| Listed entries |
--------------------

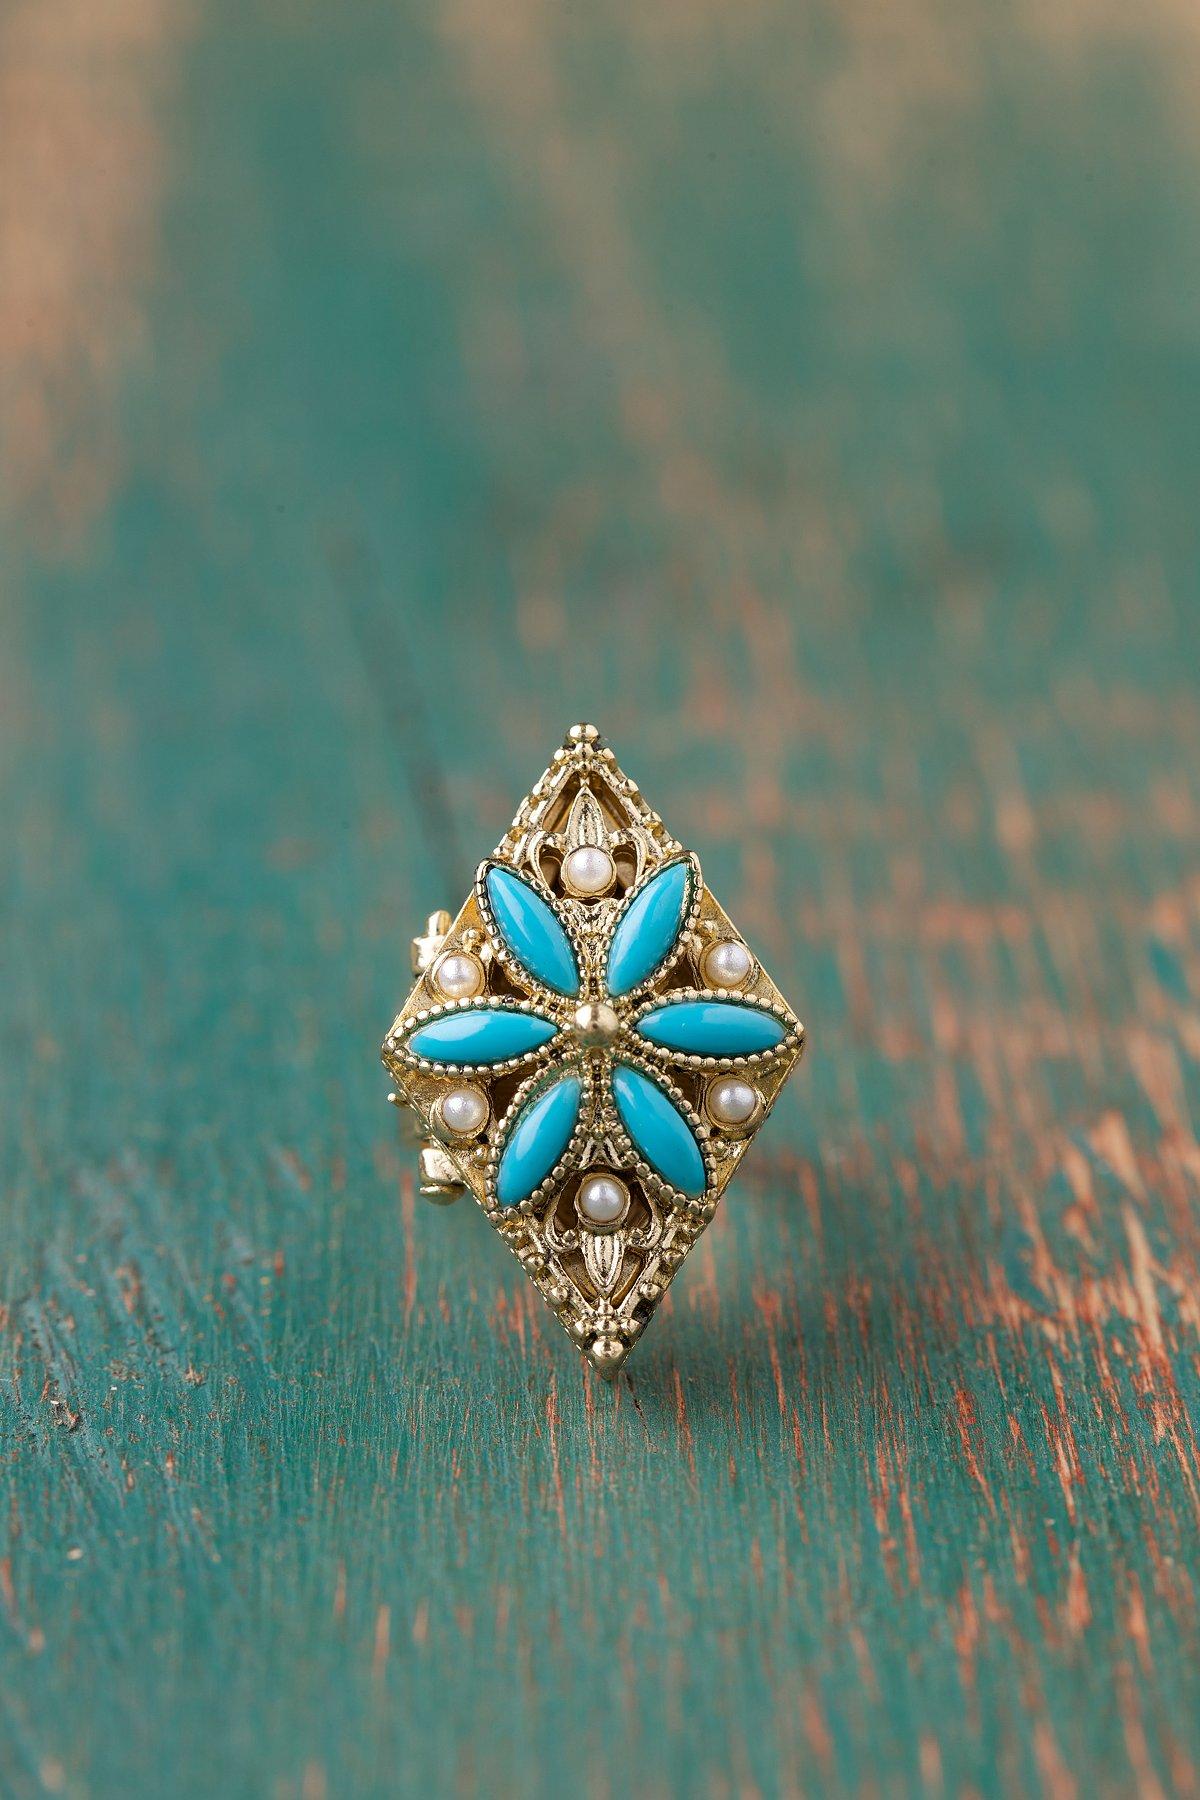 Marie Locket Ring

--------------------

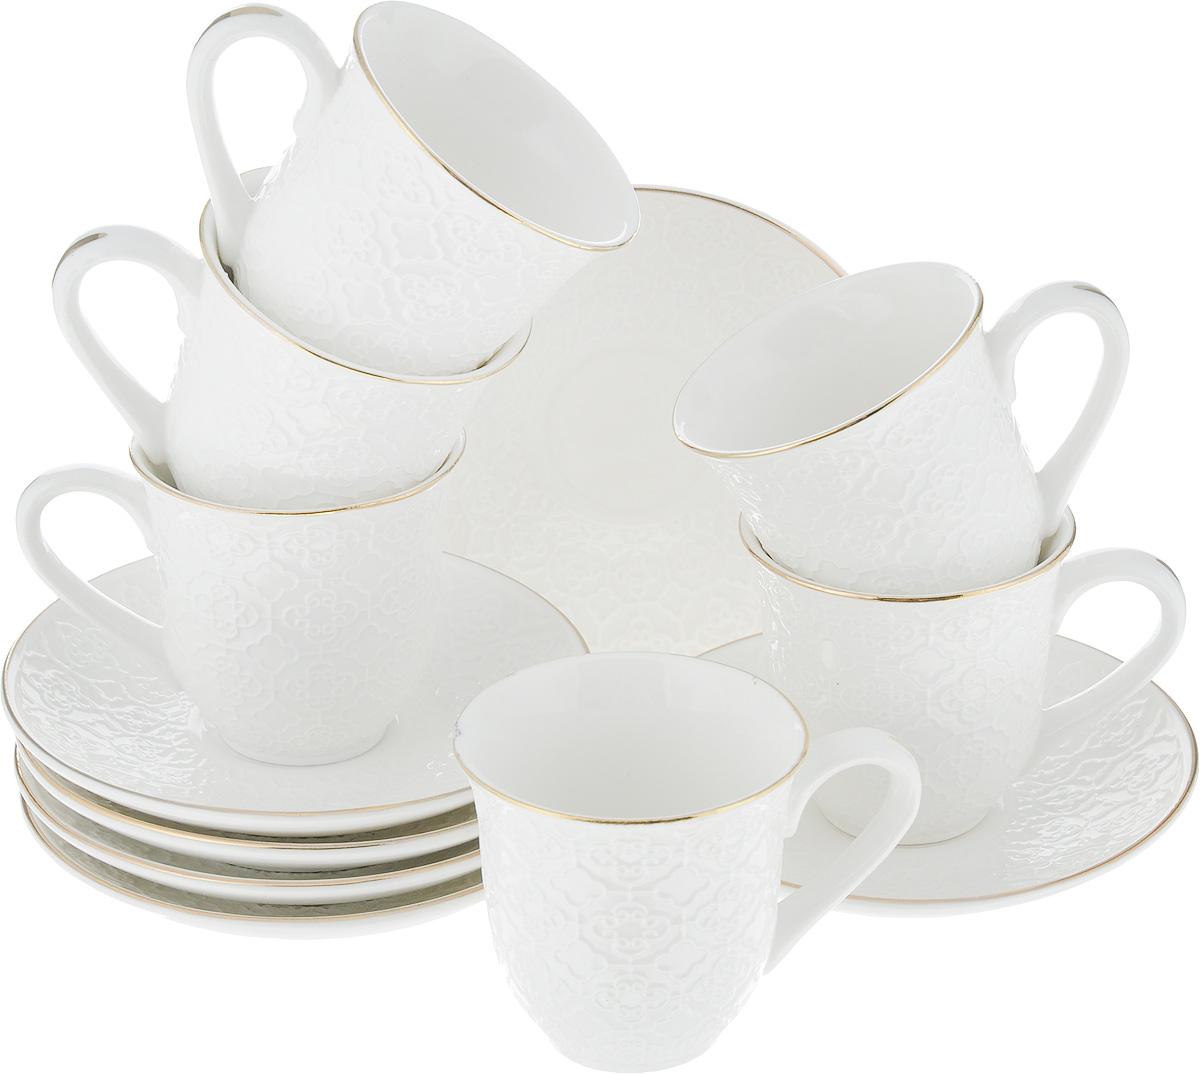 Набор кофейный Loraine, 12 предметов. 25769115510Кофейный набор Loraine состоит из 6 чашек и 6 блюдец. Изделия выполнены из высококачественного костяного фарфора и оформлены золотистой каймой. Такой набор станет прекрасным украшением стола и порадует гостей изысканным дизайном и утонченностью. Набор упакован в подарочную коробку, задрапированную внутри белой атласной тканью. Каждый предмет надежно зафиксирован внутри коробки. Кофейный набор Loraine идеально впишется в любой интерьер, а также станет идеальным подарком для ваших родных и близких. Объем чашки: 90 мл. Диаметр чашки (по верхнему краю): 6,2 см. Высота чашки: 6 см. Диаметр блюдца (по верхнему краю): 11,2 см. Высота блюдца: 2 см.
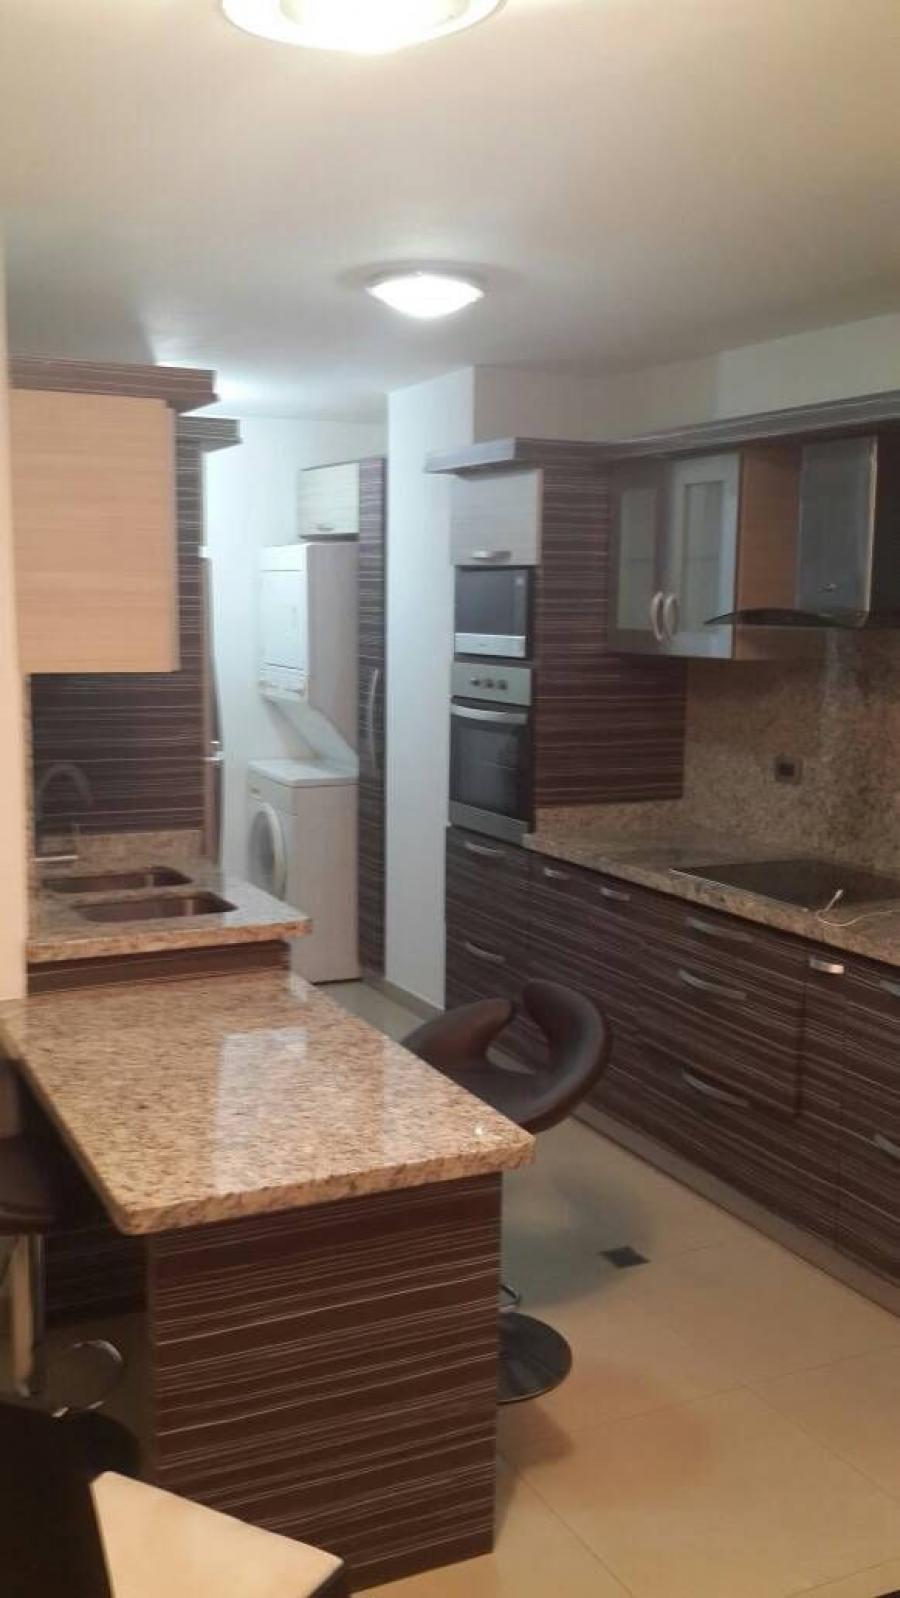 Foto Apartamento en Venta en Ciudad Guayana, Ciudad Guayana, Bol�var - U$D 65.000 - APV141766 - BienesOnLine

--------------------

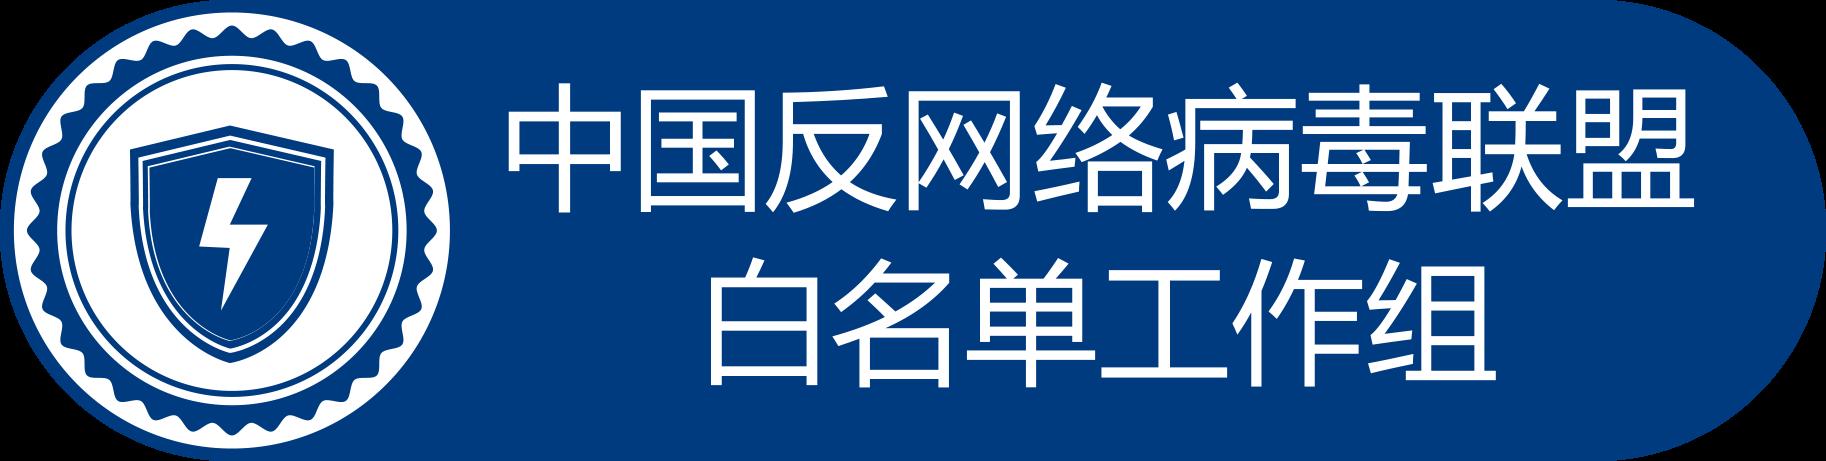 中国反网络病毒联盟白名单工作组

--------------------

| Problem details |
With pictures excluded, reproduce exactly the lines above from the one containing "Набор кофейный Loraine, 12" down to the one containing "Foto Apartamento en", those two included.

| Task solution |
 Набор кофейный Loraine, 12 предметов. 25769115510Кофейный набор Loraine состоит из 6 чашек и 6 блюдец. Изделия выполнены из высококачественного костяного фарфора и оформлены золотистой каймой. Такой набор станет прекрасным украшением стола и порадует гостей изысканным дизайном и утонченностью. Набор упакован в подарочную коробку, задрапированную внутри белой атласной тканью. Каждый предмет надежно зафиксирован внутри коробки. Кофейный набор Loraine идеально впишется в любой интерьер, а также станет идеальным подарком для ваших родных и близких. Объем чашки: 90 мл. Диаметр чашки (по верхнему краю): 6,2 см. Высота чашки: 6 см. Диаметр блюдца (по верхнему краю): 11,2 см. Высота блюдца: 2 см.
 Foto Apartamento en Venta en Ciudad Guayana, Ciudad Guayana, Bol�var - U$D 65.000 - APV141766 - BienesOnLine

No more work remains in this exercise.